Шурка вспомнил, как давно - давно, когда они с Яшкой Петухом были совсем маленькие, они, путешествуя по белому свету, заглянули однажды с улицы через окно в школу. Какой она показалась тогда мрачной, как церковь, хуже - как острог, которого они не видывали, но который наверняка был такой же большой и темный. А тут еще учитель, подкравшись, сграбастал их внезапно сзади, тиснул и, дохнув вином и табаком, грозно спросил: "Что вы тут делаете, разбойники?!" Ух, какой он был страшный, тот старый учитель, в белых штанах и калошах на босу ногу, в белой длинной рубахе, точно в саване, с голым черепом и растрепанной бородой, испачканной чернилами, синий, как мертвец! Они вырвались, бежали через всю рощу до самой усадьбы и долго не могли отдышаться от страха.
После они узнали, что старого страшного учителя начальство прогнало из школы - он будто бы сильно "зашибал". Мужики и бабы жалели старого учителя, некоторые вспоминали, как сами у него за партами сидели, хвалили его и кричали, что выпивал он не больше их, грешных, такая жизнь, поневоле когда и "переложишь" с горя. Никита Аладьин и Василий Апостол хлопотали в городе, чтобы старого учителя вернули в школу, но ничего из этого не вышло. Мужики говорили: "У начальства, чу, зуб еще с пятого года супротив учителя. И пенсию ему надо, а у казны, как всегда, денег нет".

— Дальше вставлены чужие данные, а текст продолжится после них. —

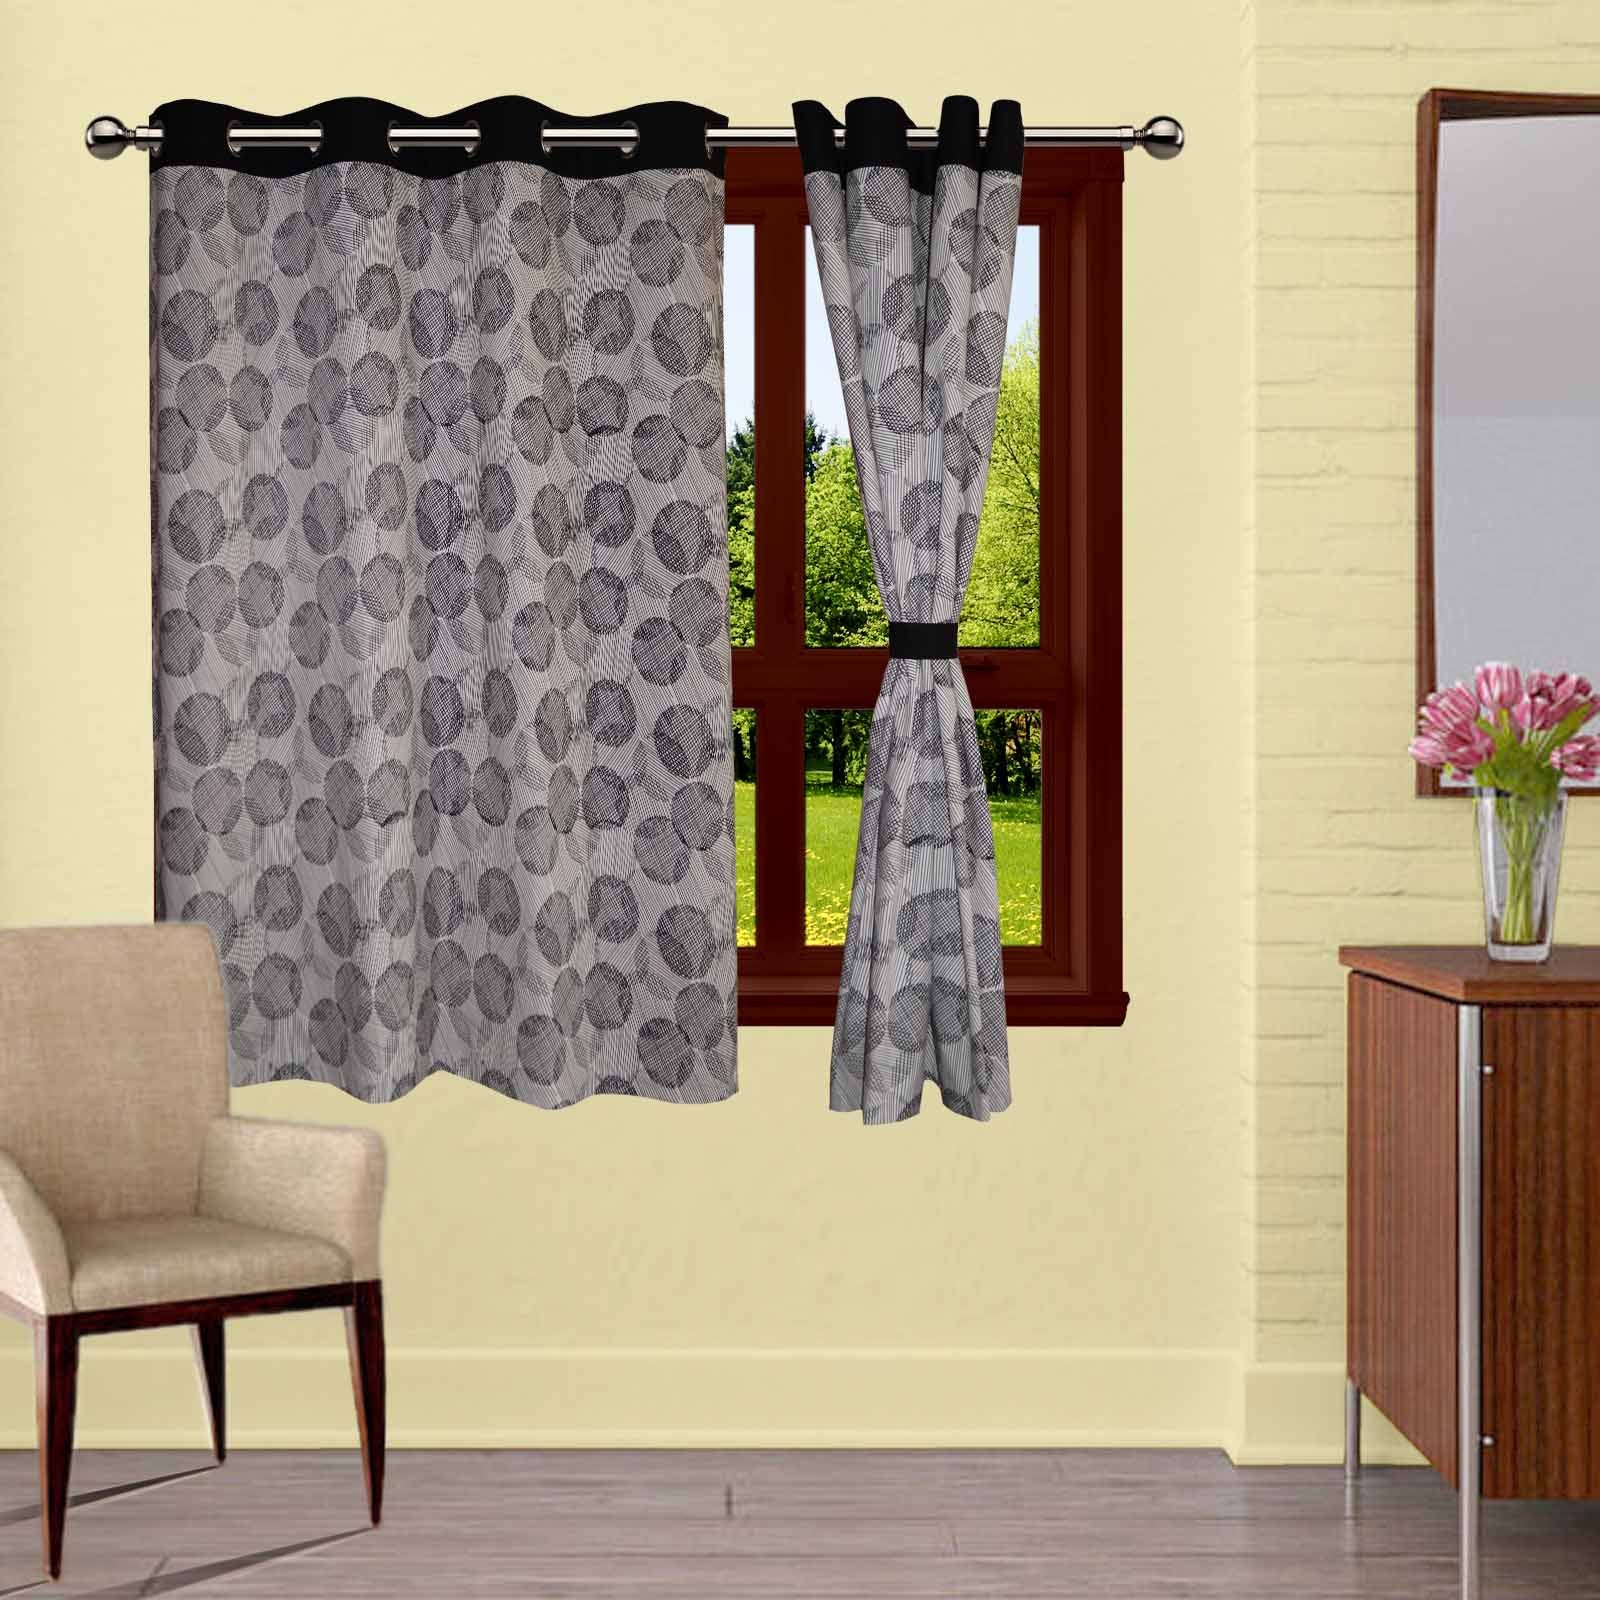 Lushomes Window Curtain, Geometric Printed Cotton Curtains for Living Room/Home with 8 Eyelets & Printed Tiebacks for Window (54x60 Inches),Pack of: 1

В тот год, как началась война, приехал новый учитель, молодой, непьющий, с женой. Но все равно Яшка и Шурка боялись. И потому, когда они, разодетые в пух и прах - в праздничных рубашках, новых штанах и башмаках, - вот в такой же славный осенний денечек пришли в школу "записываться", им опять было страшно. Они долго стояли у высокого крыльца, перешептываясь, и наверняка так бы и не осмелились подняться на ступеньки и войти, если бы не выглянул в дверь новый учитель и, взяв их ласково за руки, не повел за собой, как телят.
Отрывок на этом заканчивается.